What strategy does Rolls-Royce using?! Pull and Push strategies

 In the Supply chain, which means in any business the demand is the axle of the entire operations from sourcing to coping with reverse logistics hardships. The Pull strategy and Push strategy are the operating strategies of the business based on customer demand for the product or service in the business.

Basically, the pull and push strategies are more likely the clones of Lean and Agile strategies of the supply chain.

To start explaining the pull and push strategies, we go with the pull strategy first,

Pull Strategy

The pull strategy predominantly works with customer choice, which means the business that uses the pull strategy will rely on the customer orders. Factually in the pull strategy, the vendor or manufacturer always starts their work after the customer order. So, the entire supply chain of this kind of business is driven or pulled by the customers.

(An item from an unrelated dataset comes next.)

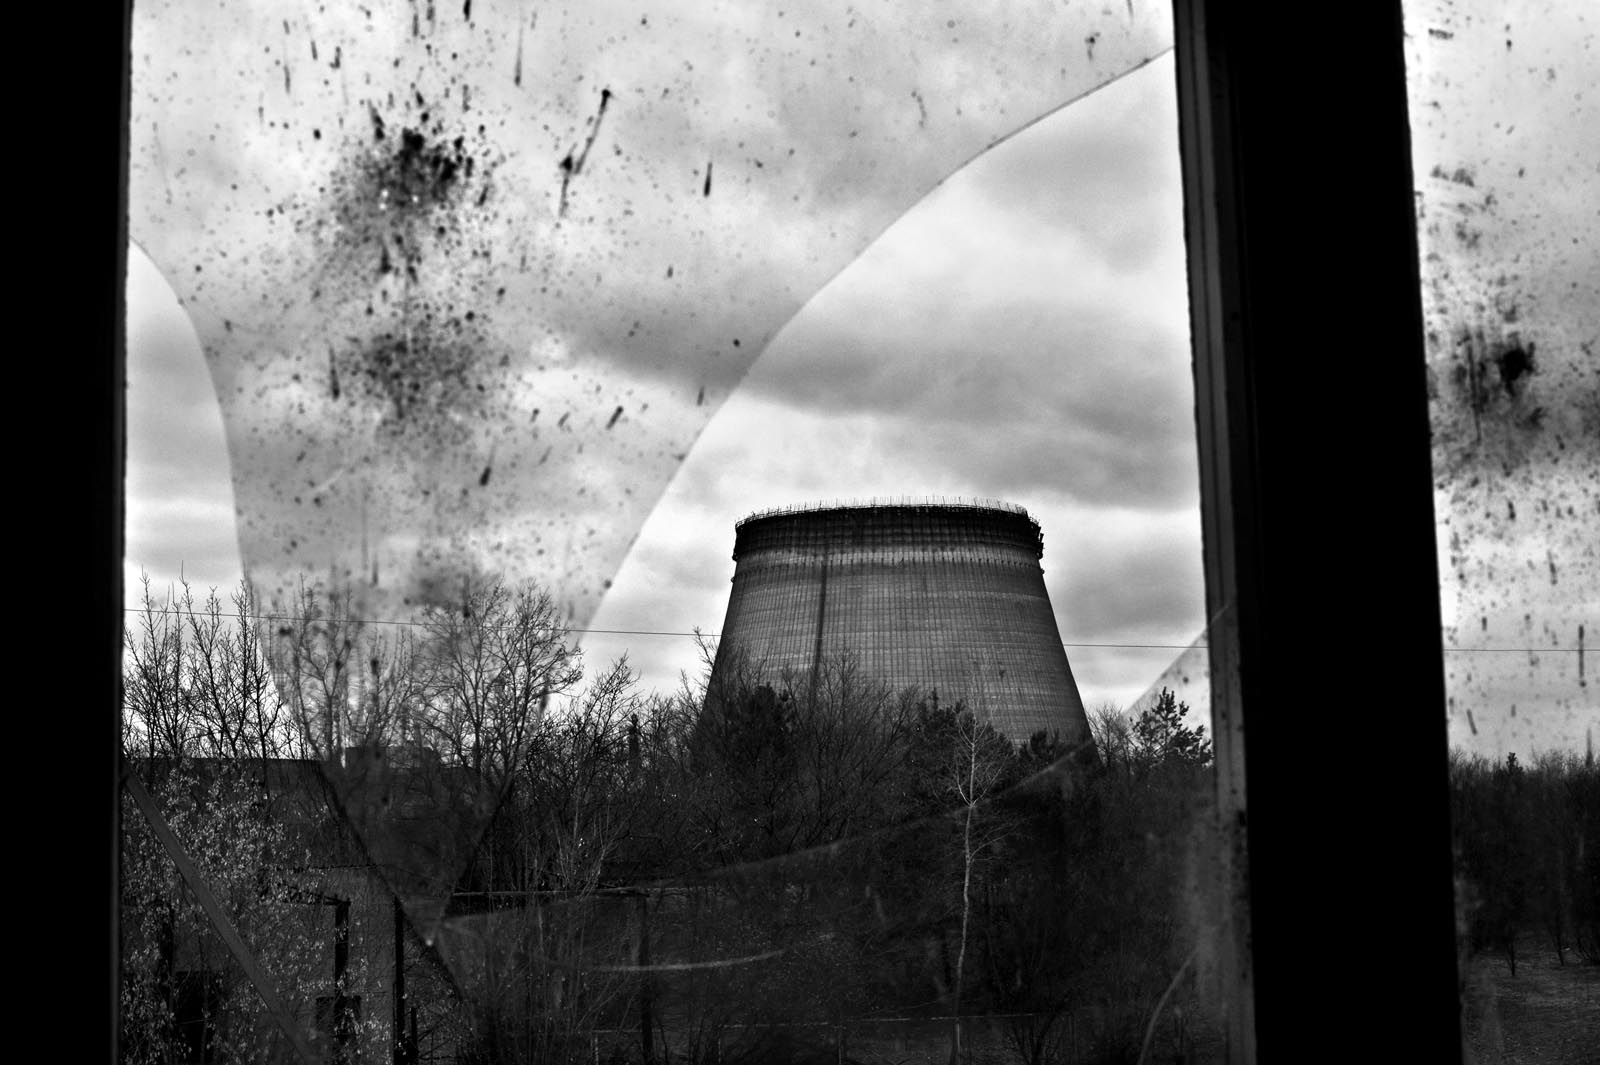 chernobyl_03

The main benefit of using this pull strategy is giving a higher service level, it is more flexible than the push strategy in terms of the fluctuation in the demand. The business can secure more money by maintaining limited inventory, especially, procurement inventory and work-in-progress inventory.

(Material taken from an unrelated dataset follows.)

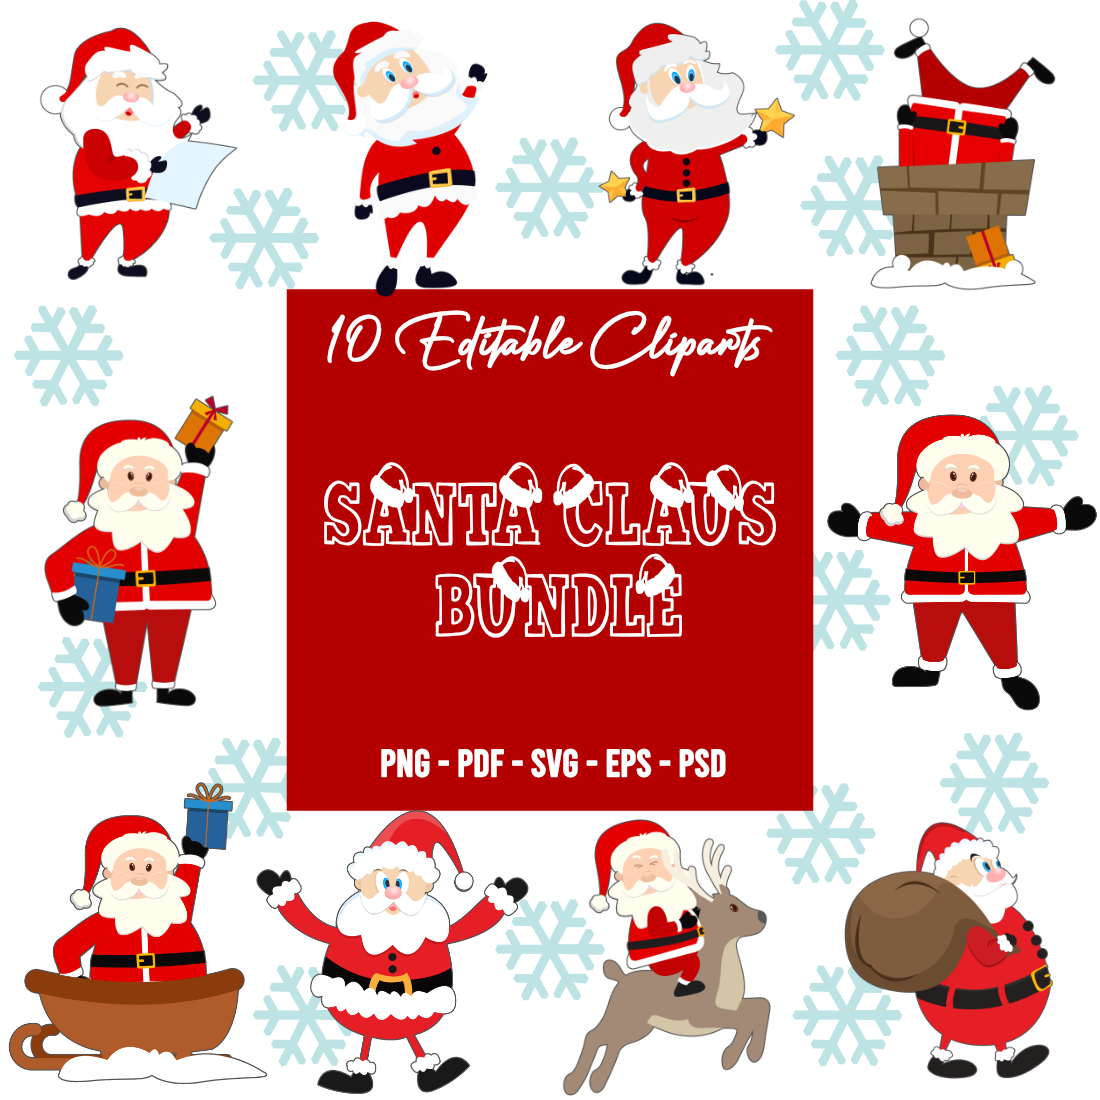 Santa Claus Bundle 10 Cliparts image.

Critically, the worst side of the pull strategy is implementing this pull strategy is even hard. Small mistakes in the order calculation may lead to unhappy customers.

Example

The real-time example of the pull strategy is DELL again, but, another greatest real-time example is Rolls-Royce car manufacturer.

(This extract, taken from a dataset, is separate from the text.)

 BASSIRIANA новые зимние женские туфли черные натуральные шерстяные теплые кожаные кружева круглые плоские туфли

Rolls-Royce is using Cutting-edge technology to manufacture its cars. The cutting-edge technology is nothing but the child of the pull strategy. They always make their premium cars once they got an order from the customer and then they make and deliver the car safely and neatly. By doing this, they are saving more inventory costs than others.

Push Strategy

The push strategy in the supply chain is not to make their product at a later stage. Because the push strategy will always work with the demand forecasting technique. By accessing the historical data and forecasting the demand of the market they produce the product and store it.

Businesses with better predictability in their supply chain are more likely to use this push strategy. The biggest drawback of the pull strategy is unhappy customers but in the push strategy, there is less chance to miss customer orders.

The main advantages of this strategy include long-term planning, readily available stocks, the economics of scale, and mostly no unhappy customers. But the weakness of a push strategy is high inventory cost for both manufacturer and retailer. Push strategy users will take a long time to react to changes in the marketplace.

Example

The real-time examples are all Christmas toys and utility makers. Because the Christmas toys and utilities are always slow business except for December month. The Christmas gift manufacturer mostly relies on Christmas, So, they always try to push their product to the consumer before Christmas. For this, the manufacturer could not wait for customers' orders, because, Christmas is a famous festival and celebrated by billions of people every year. In this case, the demand for Christmas gifts and other stuff is very high. So this manufacturer should forecast demand and act effectively or they get insufficient time to make a product for customers this lead to losing the customer.

 

 Note With all this, some companies have the capability to adapt with both pull and push strategies, using both strategies like Tata motors (a huge car manufacturer in India), Nike, sometimes Amazon online shopping, and so on.


Hint Make-to-order products are always a Pull strategy and Make-to-Stock products are always a Push strategy.